The parties now hereby amend and restate the First Amended Trust Agreement to read in its entirety as follows:
ARTICLE ONE
USAGE AND DEFINITIONS
Section 1.1. Definitions. Capitalized terms used in this Agreement are defined below.
“Addition Date” means, with respect to any Specified Asset, the date as of which such Specified Asset is acquired by the Titling Trust for allocation to a previously designated Revolving Specified Interest pursuant to Section 4.3(d).
“Addition Notice” means a notice provided to the Titling Trust Administrator pursuant to Section 4.3(d).
“Affiliate” means, with respect to any Person, any other Person directly or indirectly controlling, controlled by, or under direct or indirect common control with such Person. For the purposes of this definition, “control” when used with respect to any Person means the power to
direct the management and policies of such Person, directly or indirectly, whether through the ownership of voting securities, by contract or otherwise.
“Applicable Law” means all applicable laws, ordinances, judgments, decrees, injunctions, writs and orders of any Governmental Authority and rules, regulations, orders, interpretations, licenses and permits of any Governmental Authority.
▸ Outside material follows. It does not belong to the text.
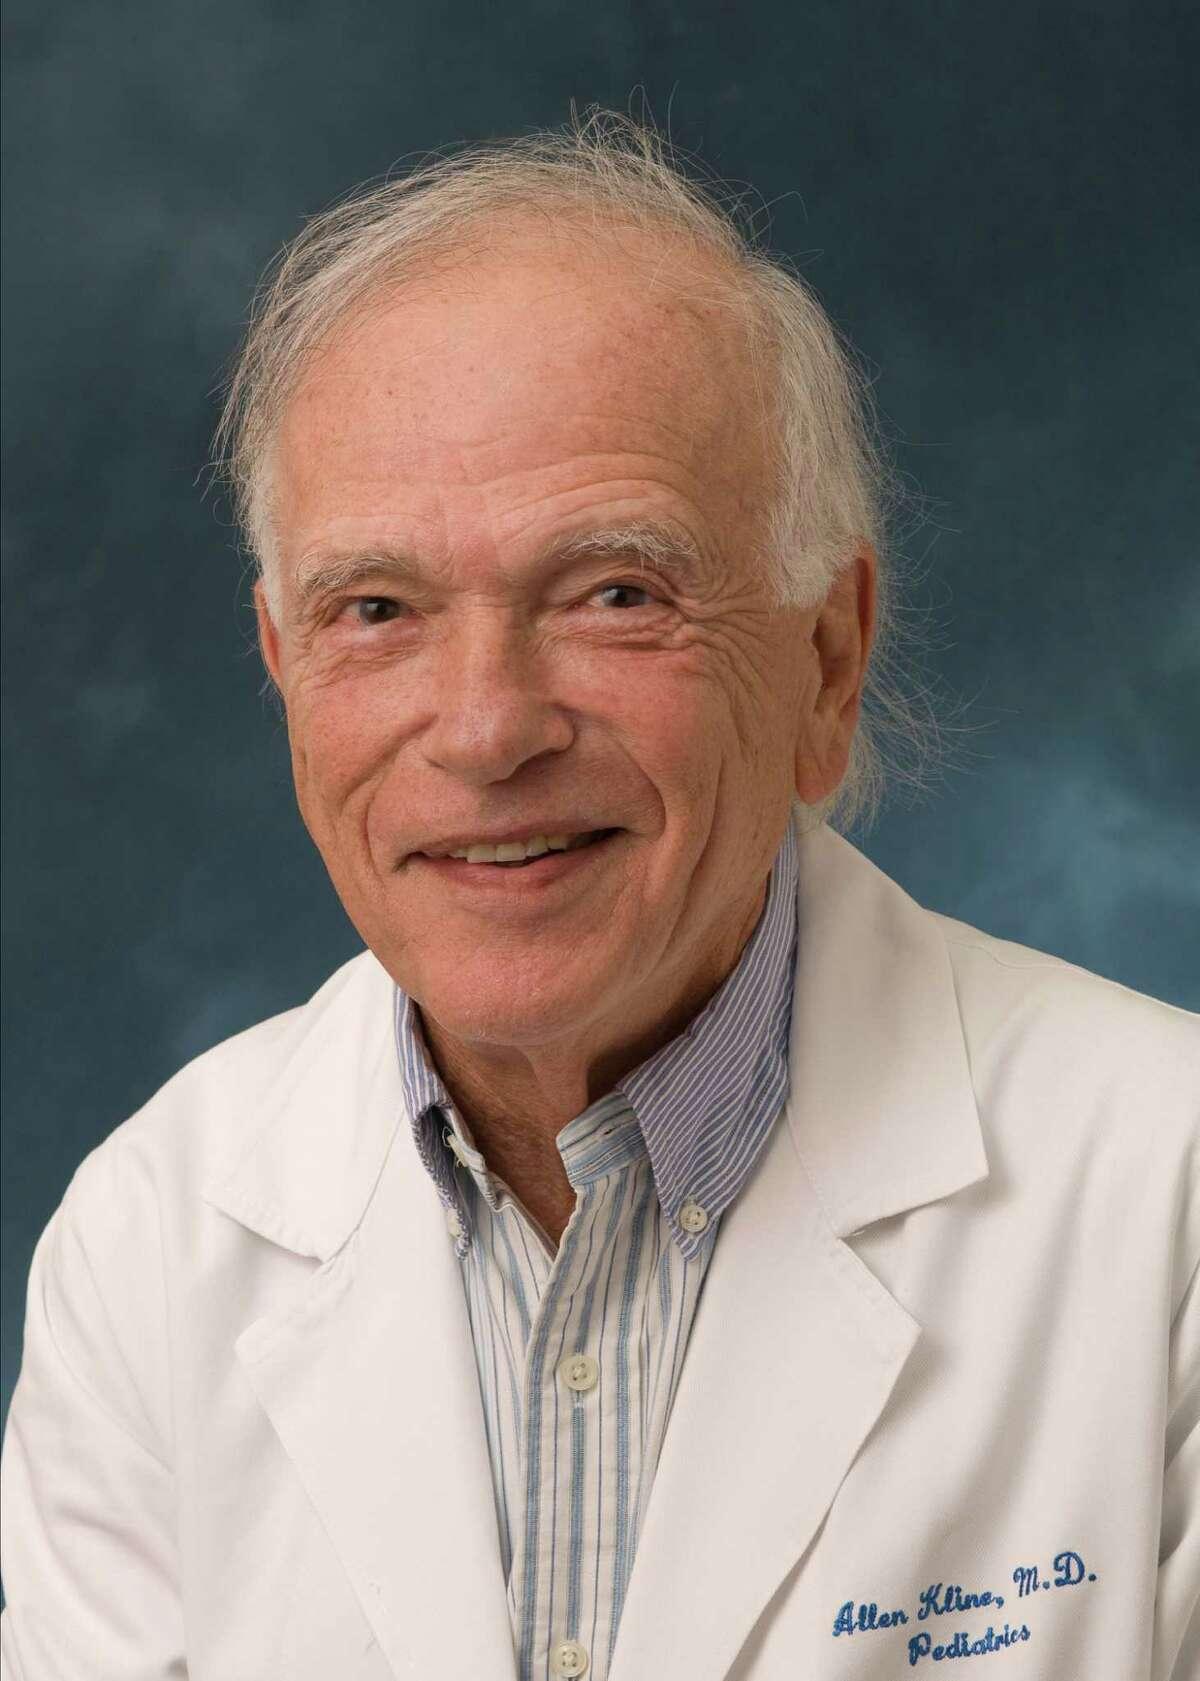 Dr. Allen Kline of Texas Children's Hospital.

“Assignment Date” means, with respect to any Specified Asset allocated to any Specified Interest, the date as of which such Specified Asset is assigned or otherwise transferred from the Titling Trust pursuant to Section 4.3(e).
“Assignment Notice” means a notice provided to the Titling Trust Administrator pursuant to Section 4.3(e).
“Authorized Officer”:
(i) with respect to the Trustee, means any officer in the Corporate Trust Office of the Trustee, including any president, vice president, assistant vice president, treasurer, assistant treasurer, secretary assistant secretary or any other officer of such Person customarily performing functions similar to those performed by any of the above designated and also, with respect to a particular matter, any other officer to whom such matter is referred because of such officer’s knowledge of and familiarity with the particular subject; and
(ii) with respect to the Initial Beneficiary or the Titling Trust Administrator, means any president, vice president, assistant vice president, treasurer, assistant treasurer, secretary assistant secretary or any other officer of such Person customarily performing functions similar to those performed by any of the above designated
(iii) with respect to the Titling Trust, means any officer of the Trustee or the Titling Trust Administrator specified in clause (i) or (ii), respectively, above.
“Bank” has the meaning set forth in Section 2.4(d).
“Bankruptcy Code” means the United States Bankruptcy Code, as set forth in Title 11 of the United States Code.
“Beneficial Interest” has the meaning specified in Section 4.3(c).
“Certificate” has the meaning specified in Section 4.1(a).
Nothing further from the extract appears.